Neural Net design Trade off Depth vs Width

An interesting problem has come up in my research that is equivalent to “How well can we represent nonlinear behavior with a ReLU Neural Net.” The open literature is evident that the answer is “very well.” Still, I do not see much literature regarding the size budget for neural nets, as in “I can only afford 100 neurons” or some other criteria. Questions like this are essential when the neural net is used as a surrogate model for an optimization problem or embedded into microcontrollers where network size is a genuine concern.

Today’s post will mostly be about looking at the depth vs. width trade-off of these constrained systems on the simplest contrived model I can think of. We are going to be looking at modeling $f(x, y) = xy, x,y \in [-1,1]$ with a neural net with 24 neurons. Intuitively, I think that the deeper networks should perform better than the narrow networks, but we will see if that pans out.

I generated 10000 random $x$, $y$ pairs and then used the following Python function to evaluate the network’s effectiveness.

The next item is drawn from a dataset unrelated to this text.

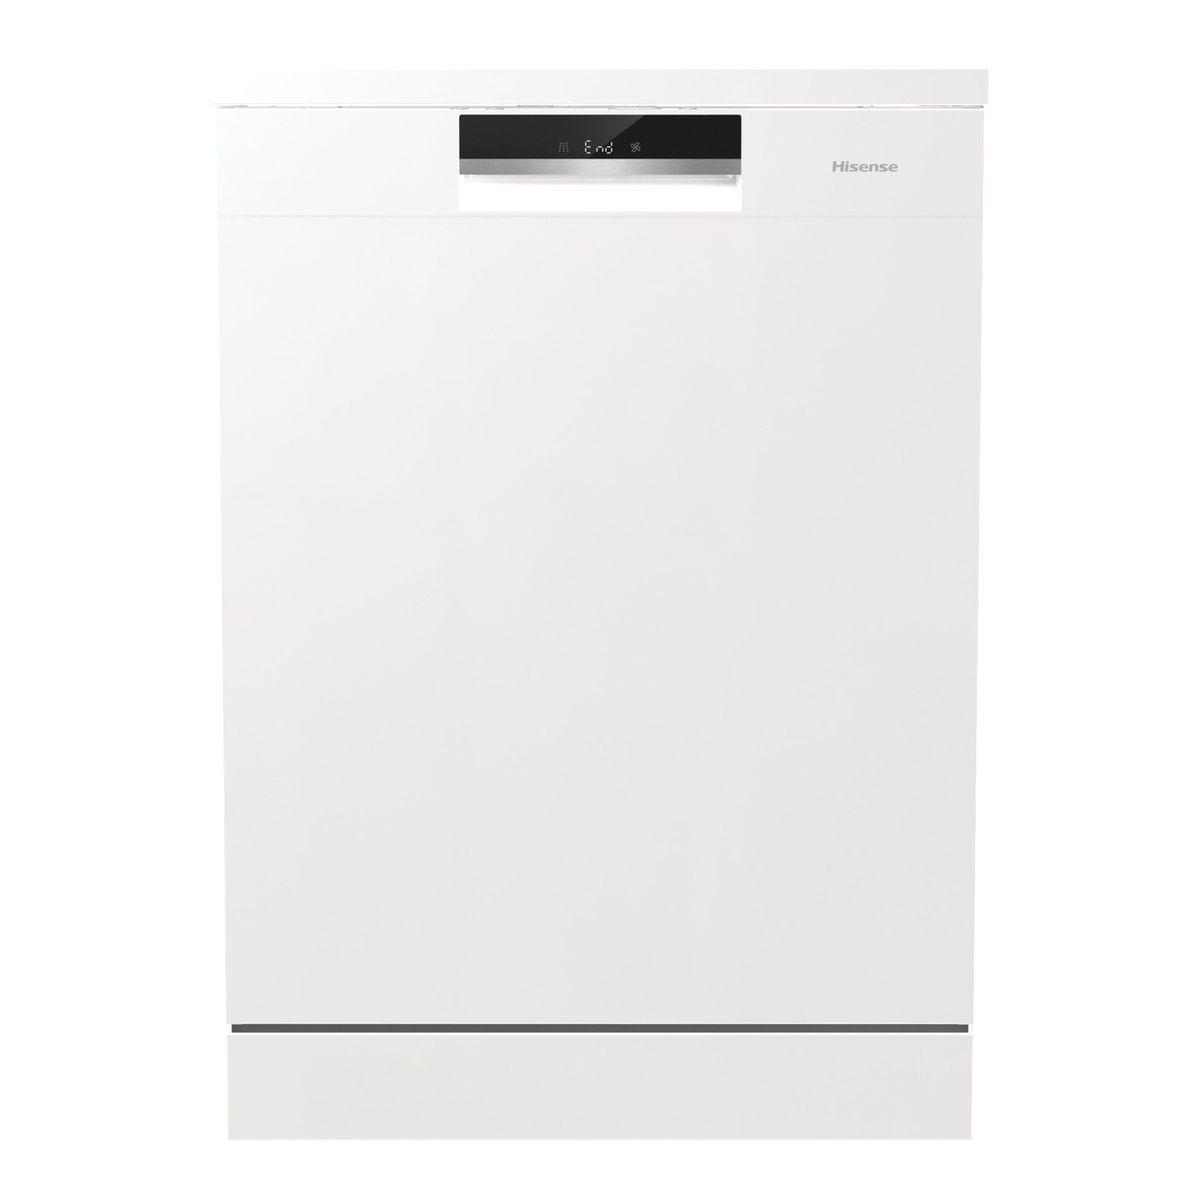 Lave vaisselle pose libre HS661C60W/X, 16 couverts, 60 cm, 44 dB, 5 programmes

This code is using Tensorflow 2.4.

import numpy
import tensorflow as tf

def test(num_nodes, num_layers, epochs = 100):
    
    x_train, y_train = numpy.block([x_1, x_2]), y
    
    extraction = [tf.keras.layers.Dense(num_nodes, activation='relu') for i in range(num_layers)]
    
    model = tf.keras.models.Sequential([
        *extraction,
        tf.keras.layers.Dense(1)
    ])
    
    model.compile(optimizer = 'adam', loss = 'mae', metrics = ['mae','mse'])
    
    return model.fit(x_train, y_train, epochs=epochs, verbose = 0) 

This was then batched over all possible network configurations with constant layer sizes. There were some interesting results that I didn’t expect. For example, the ReLU dyoff was very apparent in the last two network configurations with relatively deep neural nets. However, what was surprising was that the ‘optimal’ network design seemed to be nearly square that neural net depth and width should be almost balanced with each other. While this specific insight is only applicable to this contrived system, I think some form of this insight can be used in other (nontrivial systems).

Hidden Layers Nodes per Hidden Layer MAE * 10^3 MSE * 10^5
24 1 5.7 5.7
12 2 4.6 3.8
8 3 4.5 3.8
6 4 5.1 4.5
4 6 9.9 17.9
3 8 20 70
2 12 249 1101
1 24 248 1101